The first step in fuzzy TOPSIS is forming the decision matrix. Then, steps such as finding all possible alternatives, defining a set of criteria for a special source node such as A, determining positivity or negativity of each criterion as well as representing it as concrete or qualitative comes next. Each element of the decision matrix for node A is represented by \({\mathrm{X}}_{\mathrm{ij}}\). For instance, \({x}_{11}\) is the evaluation of node B based on the \({C}_{1}\) criterion which can be either a concrete number or a qualitative one.

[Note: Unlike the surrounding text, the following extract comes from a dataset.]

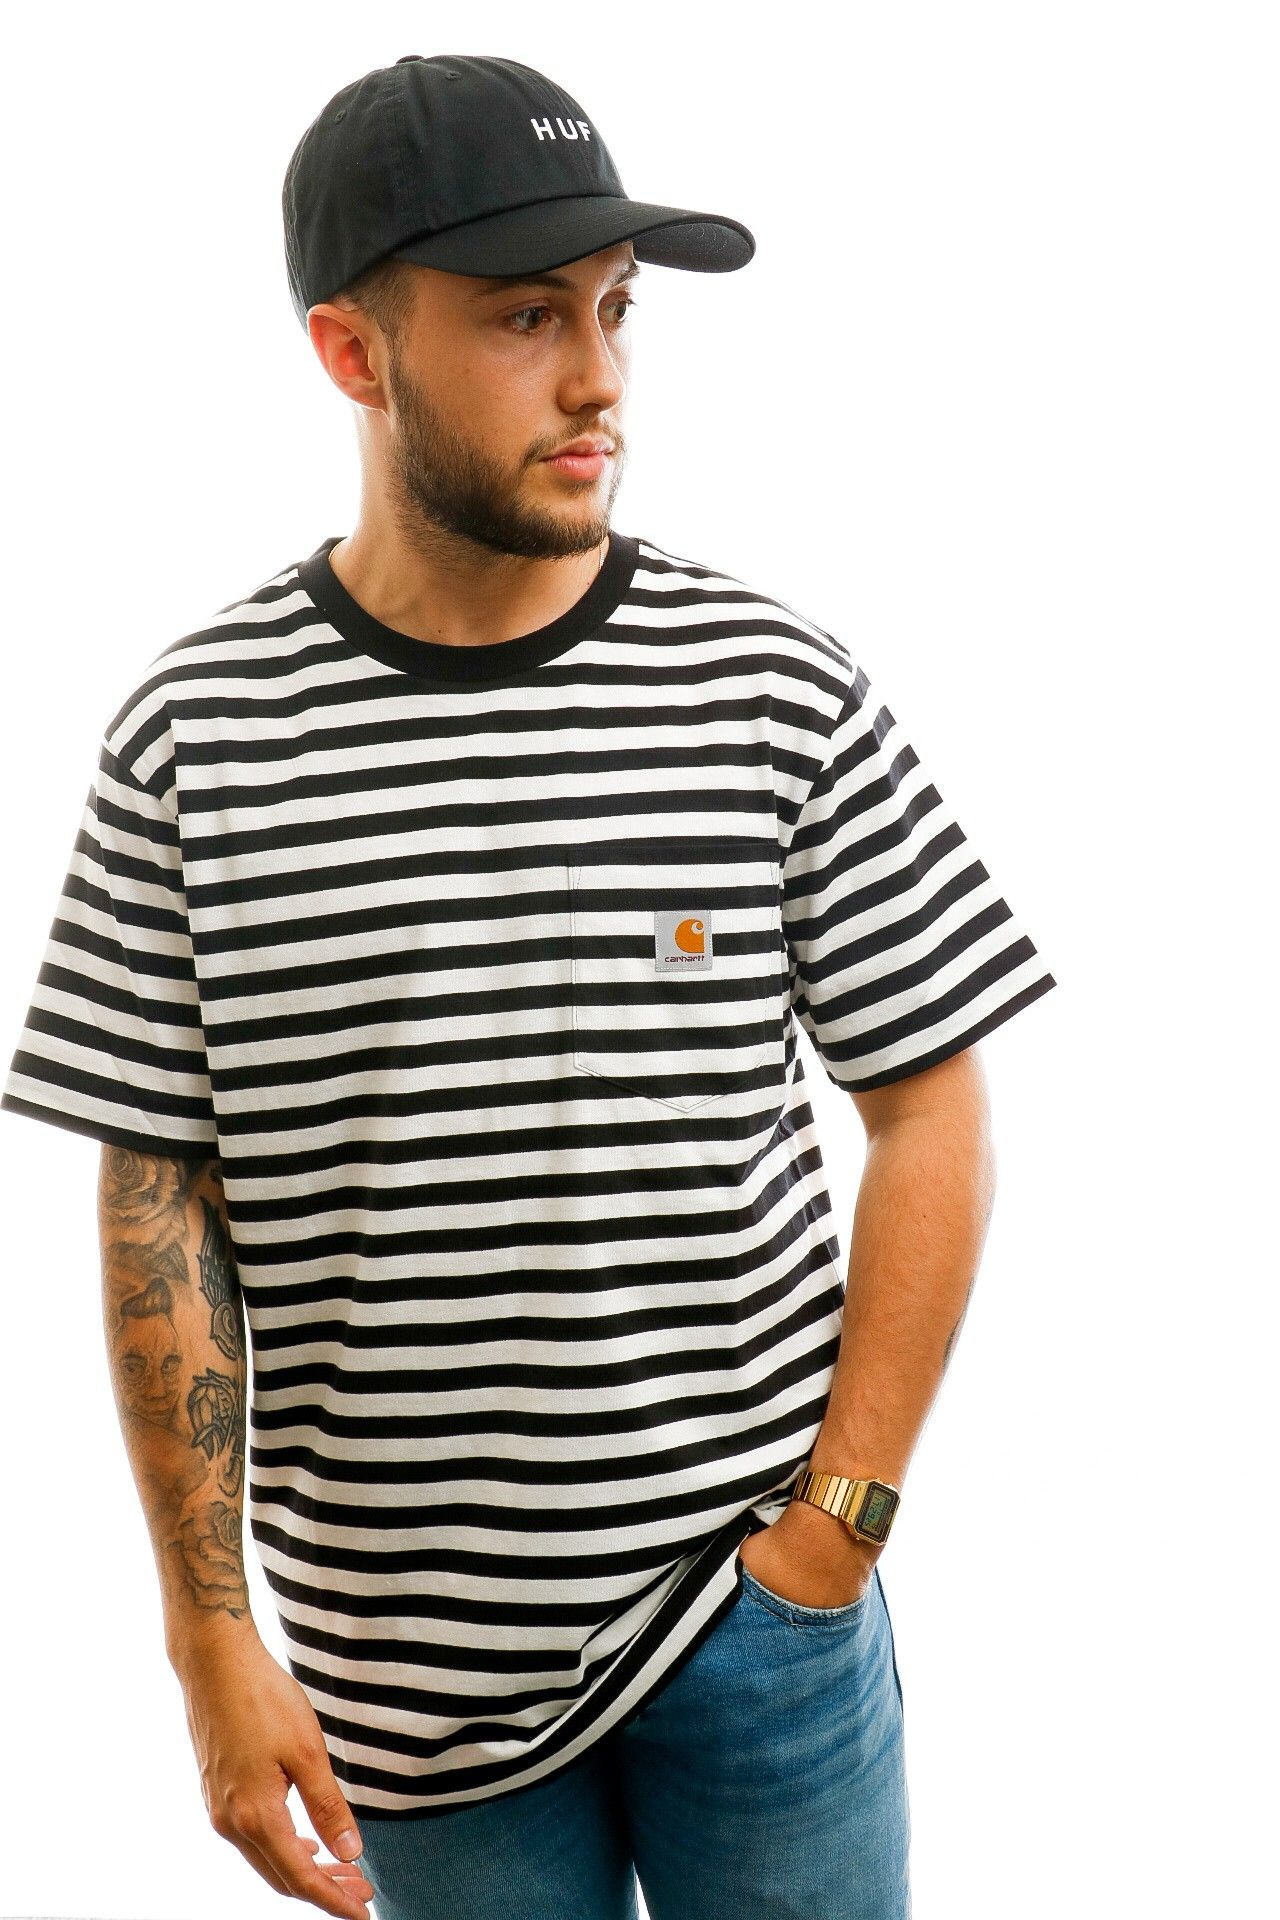 Afbeelding van Carhartt T-shirt S/S Parker Pocket T-Shirt Parker Stripe, Black / Wax I028406

(\((SourceNode_{A} ) = \left\{ {\begin{array}{*{20}c} {Criteria\left( {MiddleNodes} \right)} \\ {MN_{B} } \\ {MN_{D} } \\ {MN_{E} } \\ {MN_{F} } \\ {MN_{G} } \\ \end{array} } \right.\left[ {\begin{array}{*{20}l} {c_{PS} } \hfill & {c_{TP} } \hfill & {c_{TR} } \hfill & {c_{LT} } \hfill & {c_{CT} } \hfill & {c_{DT} } \hfill & {c_{RP} } \hfill \\ {x_{11} } \hfill & {x_{12} } \hfill & {x_{13} } \hfill & {x_{14} } \hfill & {x_{15} } \hfill & {x_{16} } \hfill & {x_{17} } \hfill \\ {x_{21} } \hfill & {x_{22} } \hfill & {x_{23} } \hfill & {x_{24} } \hfill & {x_{25} } \hfill & {x_{26} } \hfill & {x_{27} } \hfill \\ {x_{31} } \hfill & {x_{32} } \hfill & {x_{33} } \hfill & {x_{34} } \hfill & {x_{35} } \hfill & {x_{36} } \hfill & {x_{37} } \hfill \\ {x_{41} } \hfill & {x_{42} } \hfill & {x_{43} } \hfill & {x_{44} } \hfill & {x_{45} } \hfill & {x_{46} } \hfill & {x_{47} } \hfill \\ {x_{51} } \hfill & {x_{52} } \hfill & {x_{53} } \hfill & {x_{54} } \hfill & {x_{55} } \hfill & {x_{56} } \hfill & {x_{57} } \hfill \\ \end{array} } \right]\).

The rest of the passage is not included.